Where would you find a home? If you're honest, no one in their right mind would take this dog, with a many bite history. If you take it to the shelter, you MUST be honest (you must be honest no matter where you try to take the dog), because he is a liability. I doubt a shelter would even take him, if they did, the likelihood he would be put to sleep is great. Your son should come first but you dropped the ball, over the last five years.


----------



## wildcat (Feb 8, 2012)

InkedMarie said:


> ...but you dropped the ball, over the last five years.


Obviously we, as the owners of our dog, have to accept some responibility. It's not that we just sat by and watch our dog get worse for the last five years though. We inherited a dog with issues and we put in a great deal of time and effort in trying to make things better. 

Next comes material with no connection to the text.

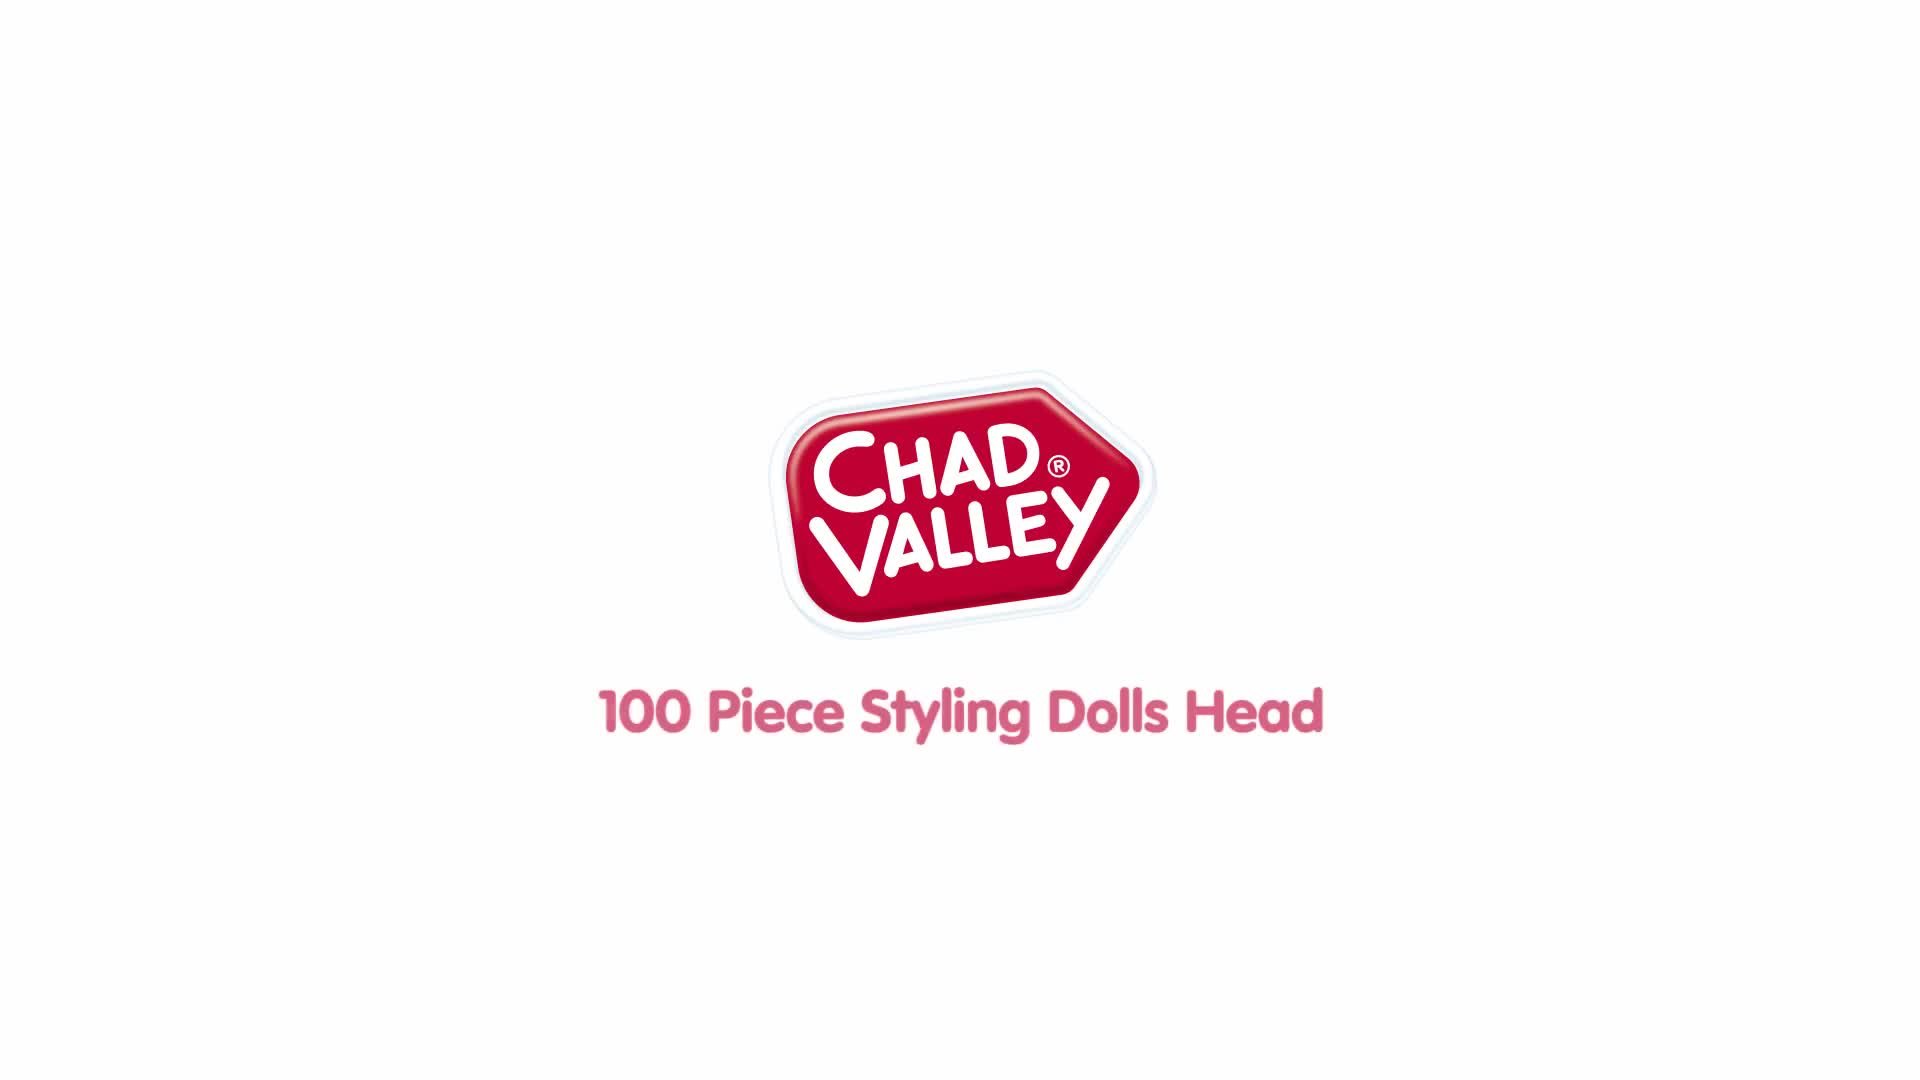 chad valley 100 piece styling dolls head

I used to think that all owners who had dogs that they couldn't control were to blame as well, until we adopted this dog. Based on his behavior toward certain individuals verses others, we are pretty sure that the dog was abused by a male at some point before we adopted him. We have tried to do our best, and in hindsite I wish we had done more. It's a very sad situation, but you don't fully understand the situation until you have lived it.


----------



## Cotonlove (Jan 29, 2012)

I am sorry for your family but I have to say I could never keep a dog that bit more than once. I am not even sure I could keep one that bit only once. You have a difficult decision to make but in my book your child's safety would come first. Good luck and hugs.


----------



## wildcat (Feb 8, 2012)

trainingjunkie said:


> I would still look and see if your adoption contract has anything to say about this.


We did contact the group that we adopted the dog from the day that the dog bit our son. Initially, they thought they had three potential families for him, but all of the sudden they told us that they may not be able to help after all and that is the last thing that we have heard from them.


----------



## GottaLuvMutts (Jun 1, 2009)

At this point, the dog is a liability. If you were to find him a new home, you'd need the new owners to sign a waver saying that they wouldn't sue you if he bites again and inflicts damage. No rescue group can take him, because they will be liable if they adopt him out and he bites again. So where does that leave you? 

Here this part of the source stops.